If your overpayment was caused by cashing two checks for a given month Social Security generally will not waive the overpayment unless you can prove it wasn’t you that cashed both checks. To prove this you will have to submit signature samples and the Treasury Department will conduct an investigation. Some people who receive SSI cash the check they receive on the first of the month, and then call Social Security to report that they did not receive the check. Social Security is very trusting until you give them a reason not to be; they will send out a replacement check for the one you didn’t receive. If you cash both checks this is called “double check negotiation.” Social Security frowns on this and people who do this can be prosecuted for fraud.

If you receive an overpayment letter from Social Security the best thing to do is call the toll-free number to clarify the reason for the overpayment and how it will affect your check. Social Security is notorious for poorly written letters and a representative should be able to answer your questions and tell you how the overpayment will affect your SSI payments. To speak to a representative, call Social Security at 1-800-772-1213.

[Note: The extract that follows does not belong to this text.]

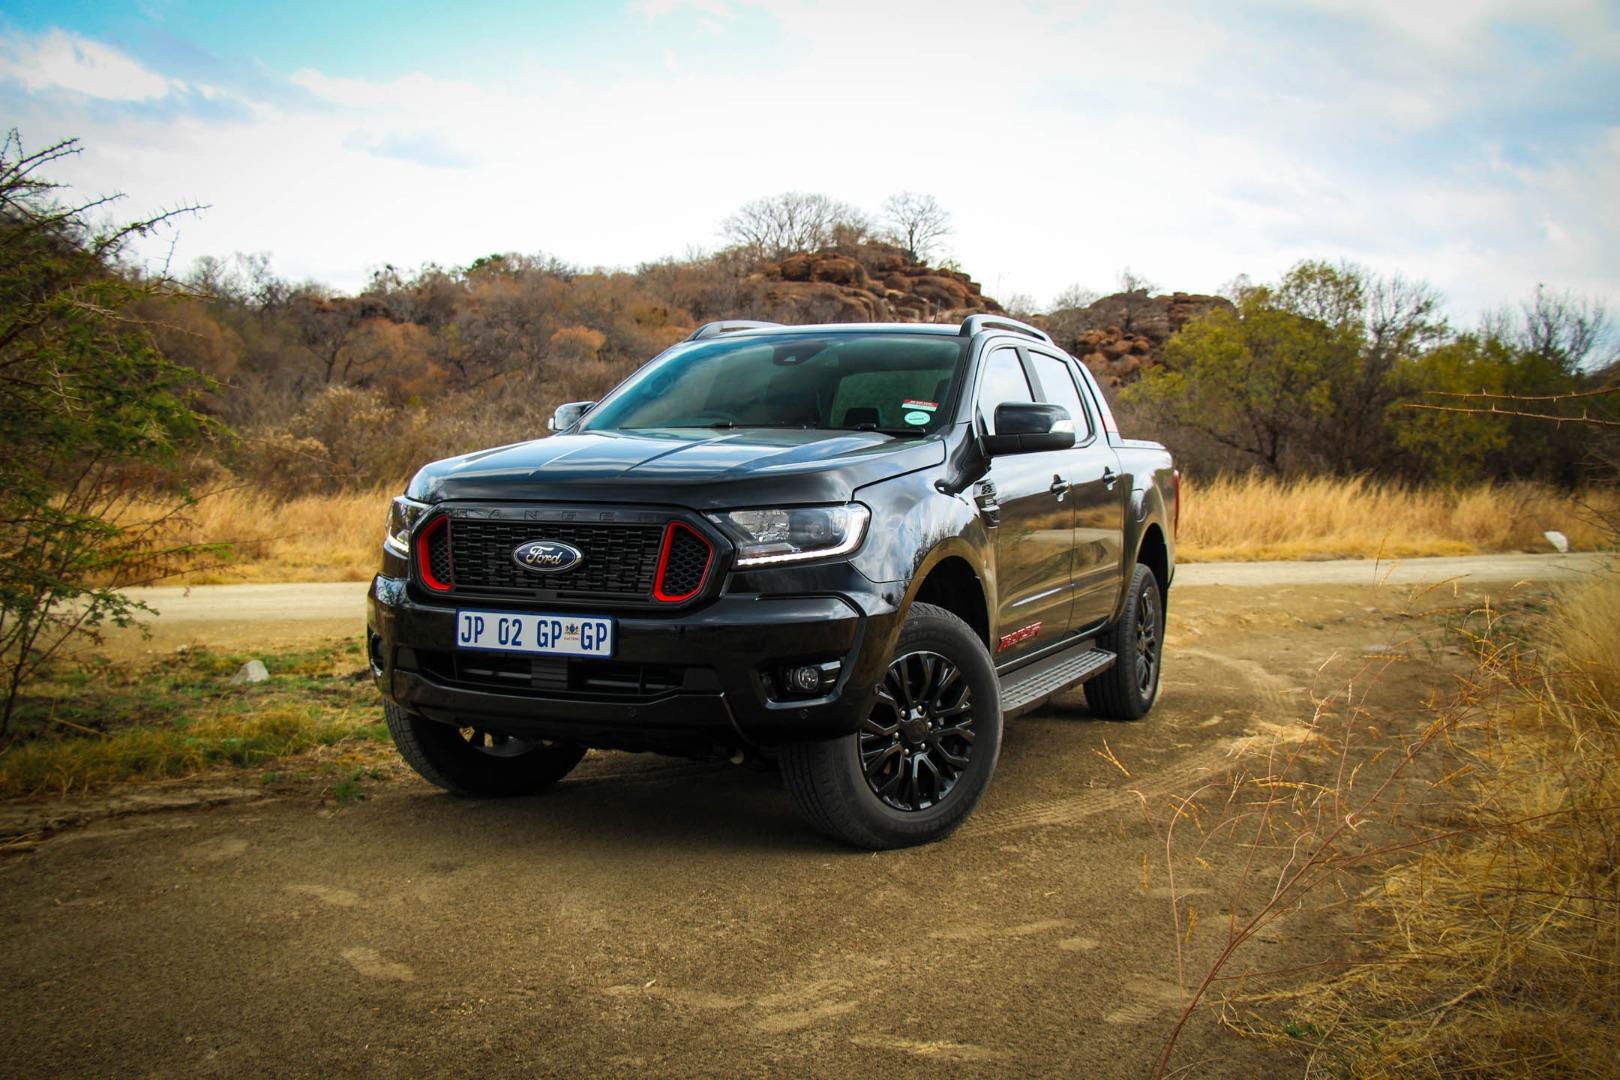 Ford Ranger Thunder (2020) Review - Blowing away the cabin fever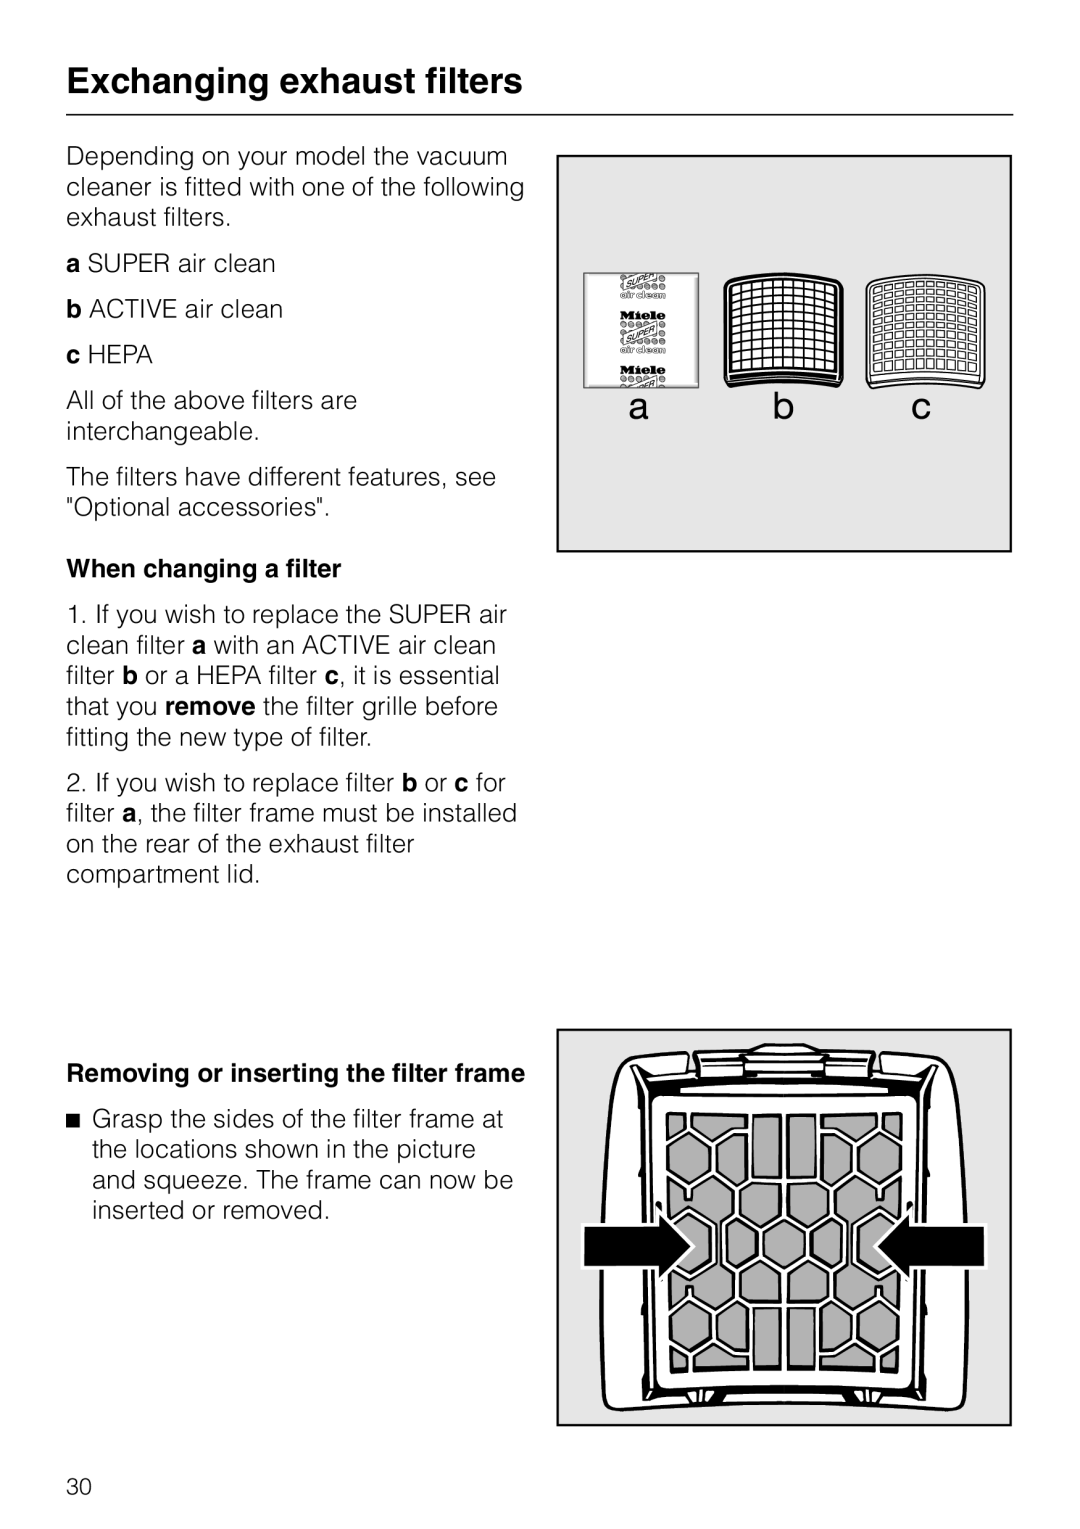 Miele S140, S160 manual Exchanging exhaust filters, When changing a filter, Removing or inserting the filter frame

{ 4 comments… read them below or add one }

marilyn bloch December 6, 2009 at 4:18 pm

i receive ssi and all they want to pay is 449. i used to get 630 in ny. how much is ssi in ny?

Ignacio Patino for Milagros Patino January 3, 2010 at 1:46 pm

My name is Ignacio Patino I’m the father of Milagros Patino who is receiving SSI.I received a letter on October saying I had an overpayment of $231.46 then in December 5, 2009 I receive the same letter but this time it I had an amount of $2,233.50. As of Dec.29.2009 my total of overpayment is of $2,166.10. I want to know the reason why this is happening. The amount keeps incresing throughout the months. Is there anything I can do to fix this?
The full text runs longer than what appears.